Jamie Oliver's junk food living room


Jamie Oliver's passion for reforming the way American schoolchildren eat so far (according to progress shown on the show Food Revolution) is both ineffective and unlikable. But I like that he keeps working toward having an effect, even if his tone often seems miscalibrated -- too strident, too alienating, polarizing. But the newest episode shows him taking a new leaf, bringing in persons for whom poor eating habits have resulted in health issues in later life, and the response from his student audience looks to the camera like a positive one. Oliver seems to be dividing his resources between two aims: the catalytic one, by which he hopes to kindle a new attitude towards diet and personal growth, in parents and students; and the journalistic, involving his scrutiny of the entrenched system that allies school cafeterias with industrial food suppliers.
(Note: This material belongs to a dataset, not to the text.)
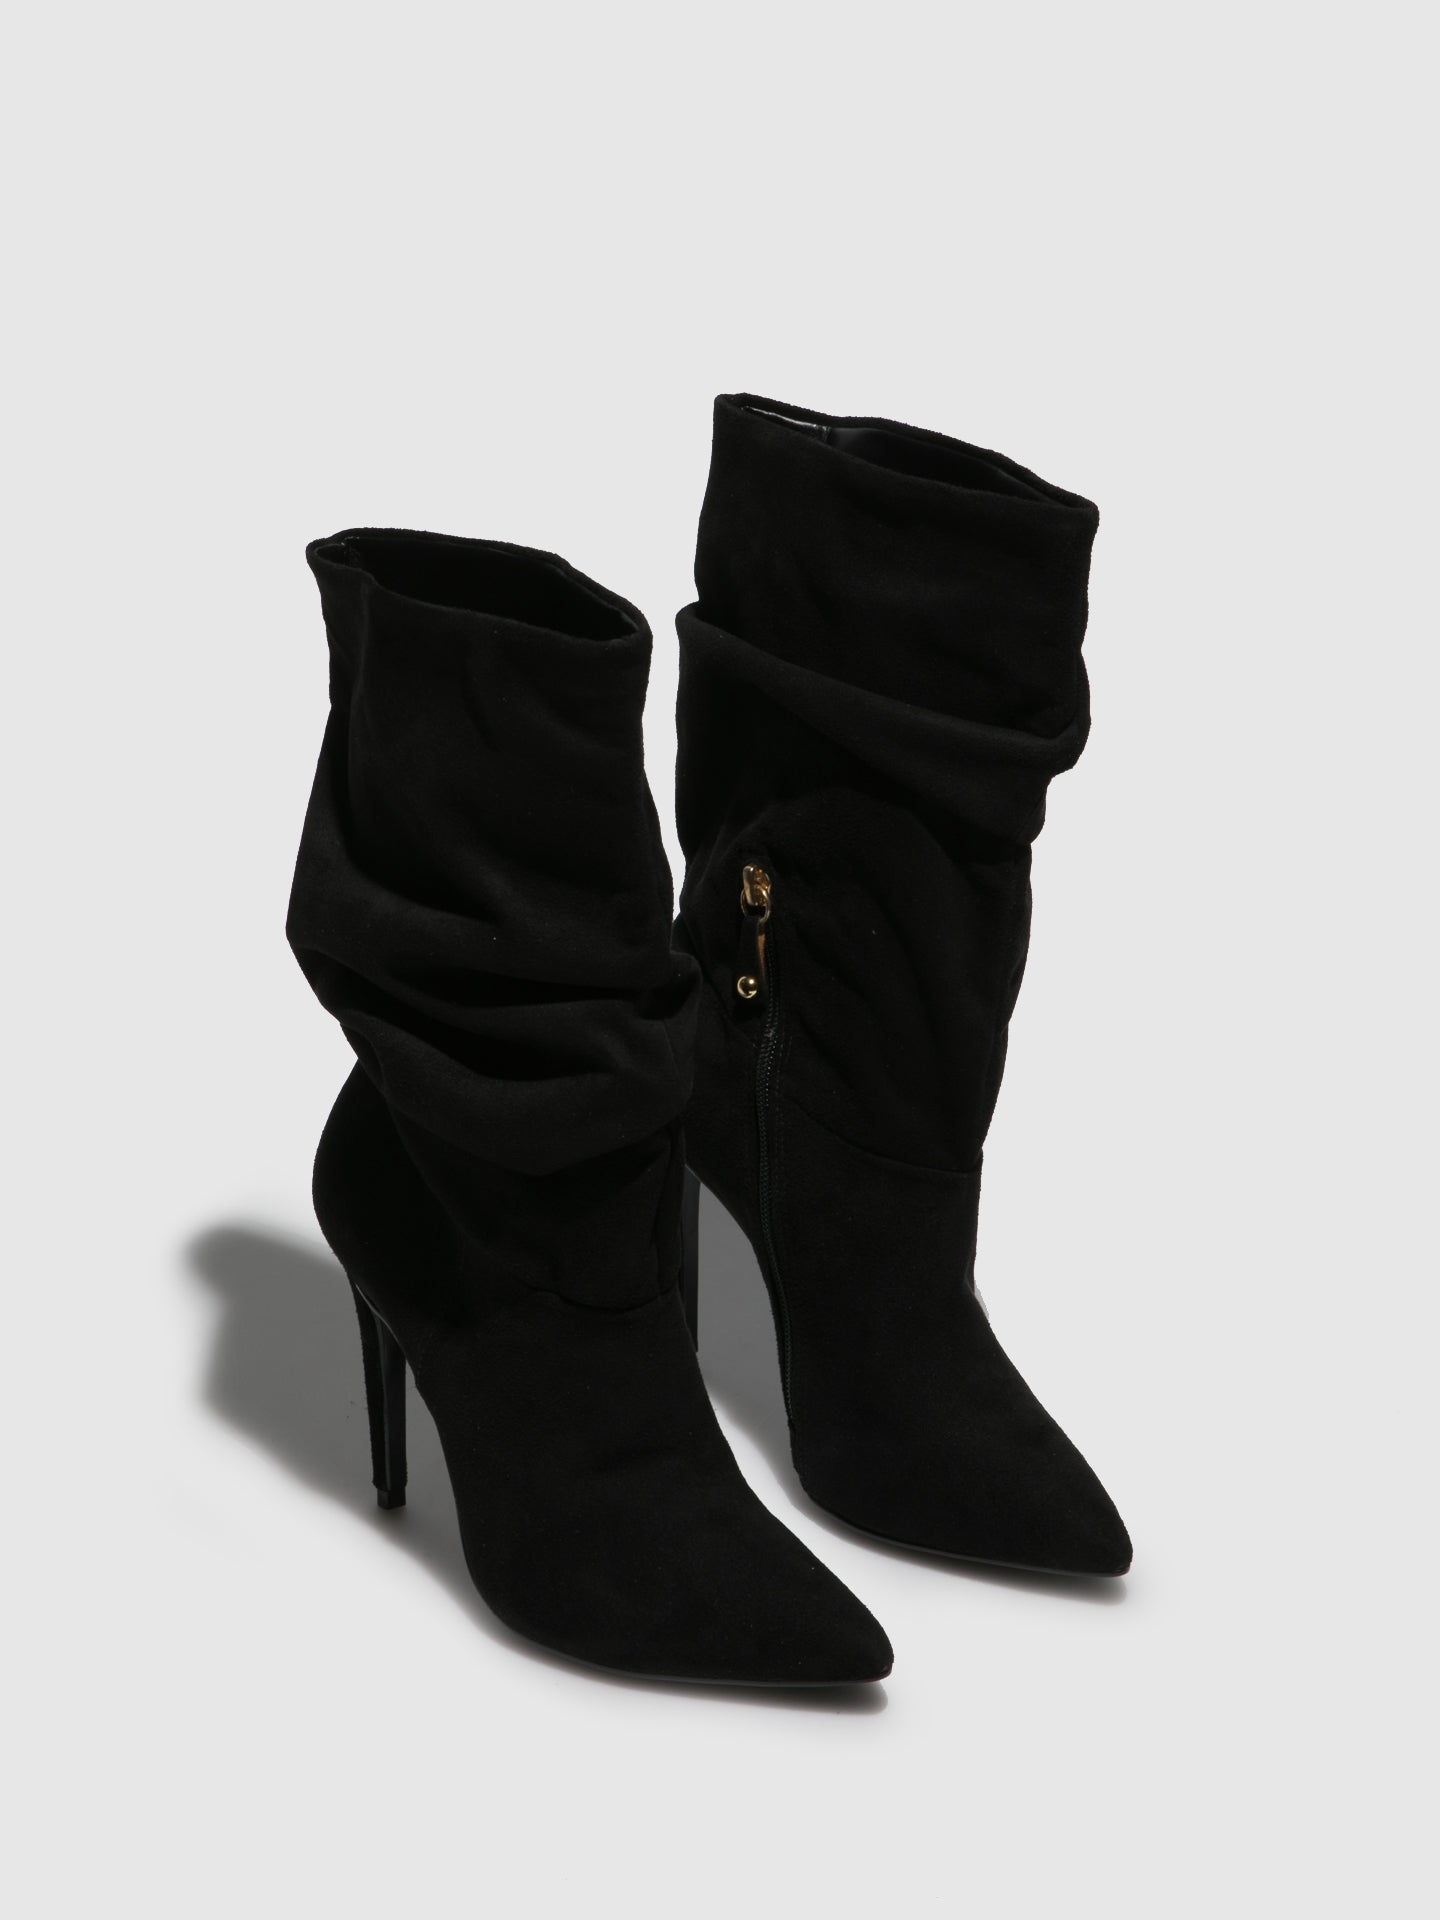 Parodi Passion Black Pointed Toe Boots

It'd be nice if he had few cut-away segments, showing the work of a separate journalistic, investigative team, that could focus on these political questions, while Oliver himself presses on with the campaign for cultural change. The photo above shows a house filled with a year's worth of junk and fast food, which Oliver used to ignite new awareness in the family living there: eat better or doom! They were thoroughly disgusted by the spectacle of their poor dietary habits in aggregate, and professed their shared intention to change their ways. Great. Inspired, I took a look online for a recipe for homemade Greek-style yogurt. I'll get off the crap food yet.